A ampliação da consciência espiritual e social do professor, por meio de sua autoformação, lhe dá condições de optar por metodologias sustentadas em concepções educativas que objetivem um ensino que transcenda o contexto escolar. Costa (2009), afirma que essas práticas são reveladoras de posturas docentes humanísticas e solidárias. A autora diz que, ao educarmos para a solidariedade, contribuímos para a transformação social, possibilitando a assunção da cidadania.

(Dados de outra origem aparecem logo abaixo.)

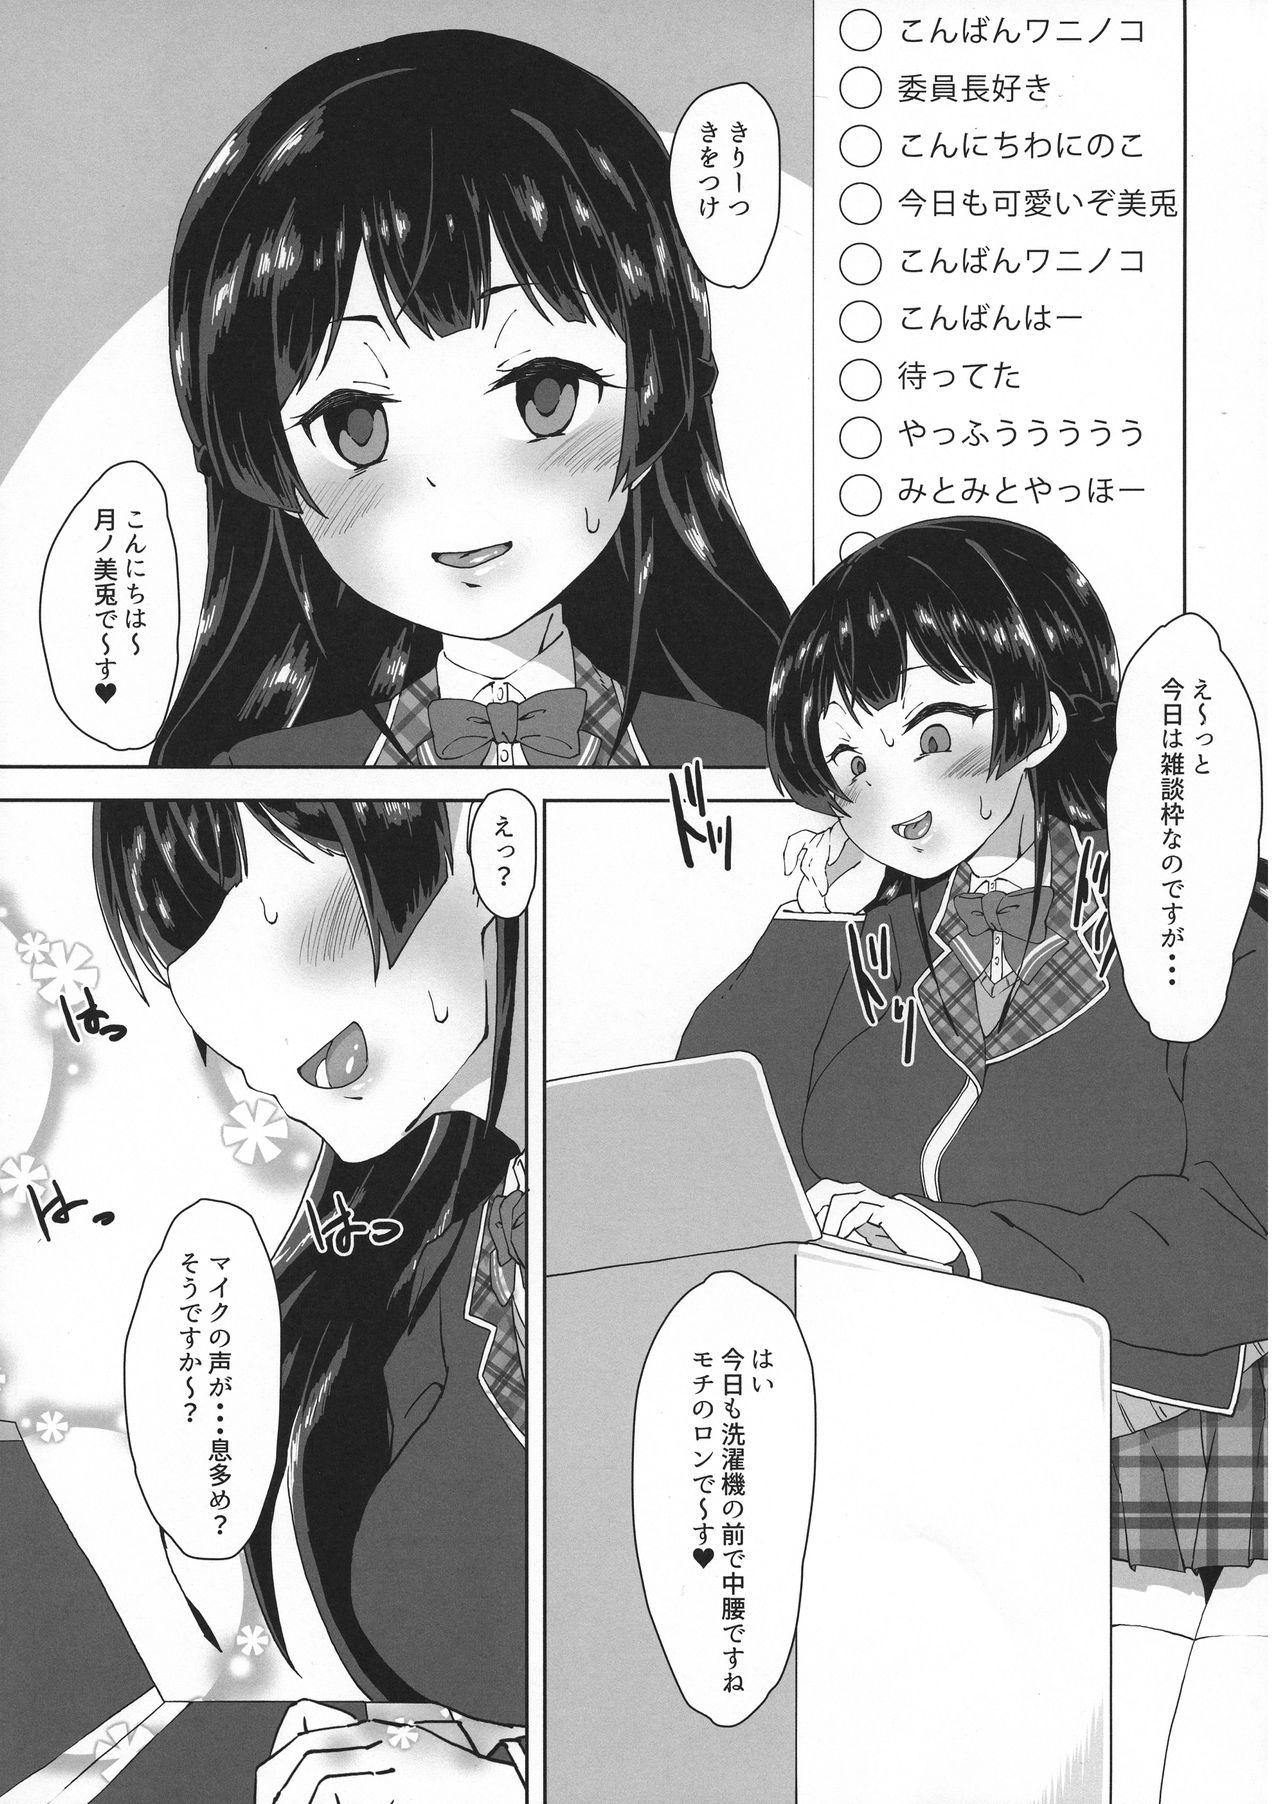 Hotfuck Watakushide Matomenakya Shesafreak - Page 5

Diante de sua afirmativa, deduzimos que é necessário valorizar toda e qualquer prática docente que revele a solidariedade, uma vez que o professor, ao educar de acordo com essa perspectiva, possibilita aos discentes a descoberta da importância disso para sua própria vida e, consequentemente, para seu grupo social. Cria-se, dessa forma, uma consciência emancipatória e articulada com as propostas da sustentabilidade.

De acordo com Costa (2009) a educação que visa a solidariedade necessita de medidas estratégicas dos docentes, para melhor realizar seus objetivos educacionais, o que ocorre por meio da melhoria contínua de suas práticas, decorrentes do diálogo. De acordo com a autora, “Todo e qualquer trabalho pedagógico que se fundamente na luta em favor da vida e da solidariedade, não pode prescindir do diálogo” (COSTA, 2009, p. 137). Criam-se, portanto, mediante essas ações docentes, condições para o desenvolvimento da humanidade, promovendo uma emancipação humana comprometida com sua responsabilidade social.

Sendo assim, esse referencial de bom professor, que indica o reconhecimento de sua incompletude, compreendendo que “quanto mais se sabe, mais precisamos buscar”, e, diante disso, o leva a vivenciar processos de autoformação que tornam o professor mais humano, solidário e flexível em suas ações didáticas o que muito contribui com a função social da escola. É através dessa função que a sociedade sustentável poderá realmente se tornar uma realidade.